Dancing With the Orchestra was the title of this programme, and it proved appropriate in the two orchestral works. Zoltán Kodály’s Dances of Galanta is a popular piece in a Hungarian dance form of contrasting slow and fast sections, with an important role for the clarinet (smoothly played here, presumably by guest musician Alexander Morris). The piece is also packed with themes, one of which bears a strong resemblance to the 1960s hit “More” (the theme from the film Mondo Cane), although Kodály’s theme predates it by thirty years. James Gaffigan, the visiting American conductor, found a danceable rhythmic pulse, even in the lyrical sections. It was a beautifully moulded performance, allowing the orchestra to show off the felicities of the composer’s orchestration.

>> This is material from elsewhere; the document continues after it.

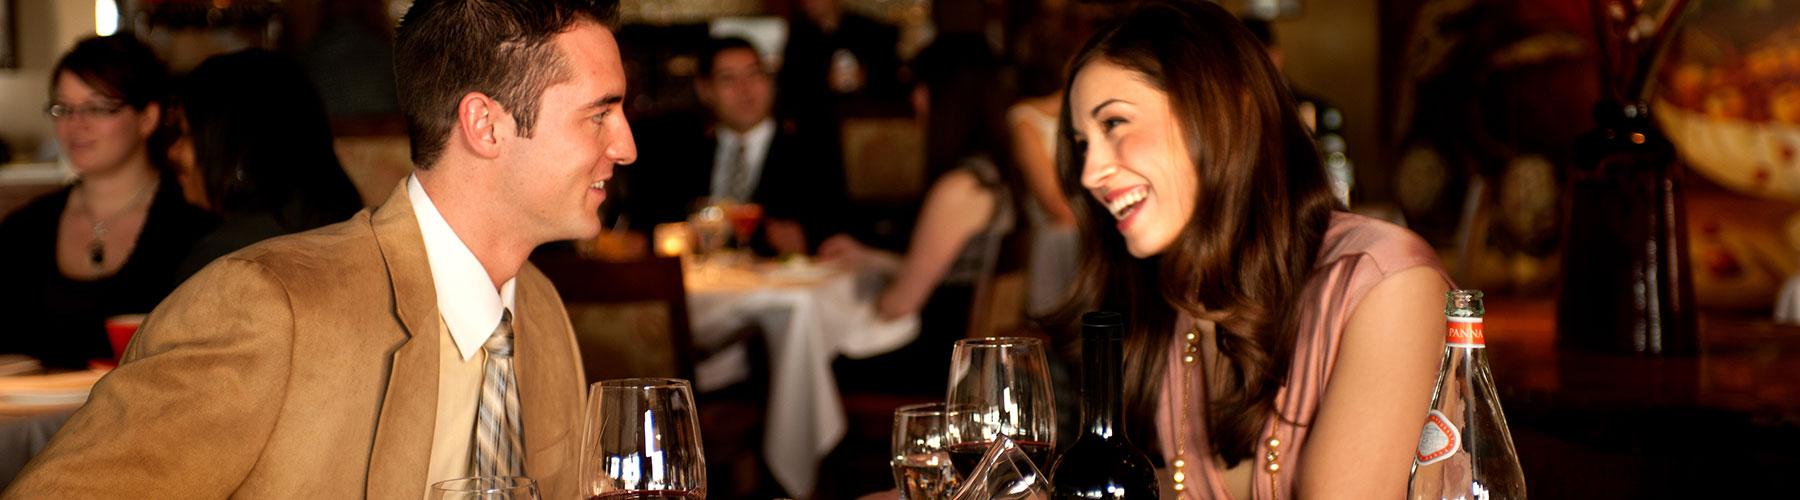 Ristorante Brissago Diners

This applies even more strongly to Sergei Rachmaninov’s Symphonic Dances, composed in 1940 for the Philadelphia Orchestra. This was the last of the expatriate Russian’s three great late works (the others being the Rhapsody on a Theme of Paganini and the Symphony No 3), although they were not entirely appreciated at the time. In America, Rachmaninov was regarded exclusively as a concert pianist; as a composer he was dismissed as old fashioned. The piquancy of his orchestral palette and the almost tangible shadows that flitter through this work tell a different story. Rachmaninov’s late music was individual, sincere, and even forward-looking: a friend remarked to me, referring to the second movement: “If John Williams (the film composer) decided to write a symphonic waltz, it would sound exactly like this.” Gaffigan’s rubato in that movement was well nigh perfect, and in the long, final movement he reveled in the spooky atmosphere that permeates the melancholy composer’s Dance of Death with its obsessive quotations of the Dies Irae theme. The orchestral strings and brass, so integral to this score, played with unanimity and considerable power.

The main work in the concert’s first half was Bela Bartók’s Violin Concerto No. 2, composed at much the same time (1938). The soloist, Alina Ibragimova, is a 31-year-old Russian-born virtuoso. She studied at the Yehudi Menuhin School in Britain, and now has an international career. She has made well-regarded recordings of music by Bach, Szymanowski, Ravel, Ysaÿe, and the complete Violin Sonatas of Mozart and Beethoven. The challenging difficulties of Bartók’s concerto hold no terrors for her. She threw herself into it with complete commitment, producing moments of excitement and lyrical purity.

I have heard this work called the greatest violin concerto of the 20th century but, frankly, I have always found the piece impossible to love. It seems to contain obstinately unmemorable themes in a randomly episodic structure, with a rambling final movement that gives no hint of ever coming to a close. In spite of Ibragimova and Gaffigan’s advocacy, the music failed to touch me. The performance was admirable, and Ibragimova’s authority unquestionable, but the concerto itself remained a closed book. (For me I suspect it always will be – this is a personal reaction, of course, nothing more.) Give me Bartók’s Concerto for Orchestra or Music for Strings, Percussion and Celesta any day. And while his music should fit neatly into a programme called Dancing With the Orchestra, just about any work other than the Second Violin Concerto would have been a more apt choice.


The Sydney Symphony Orchestra performs Dancing with the Orchestra until July 15.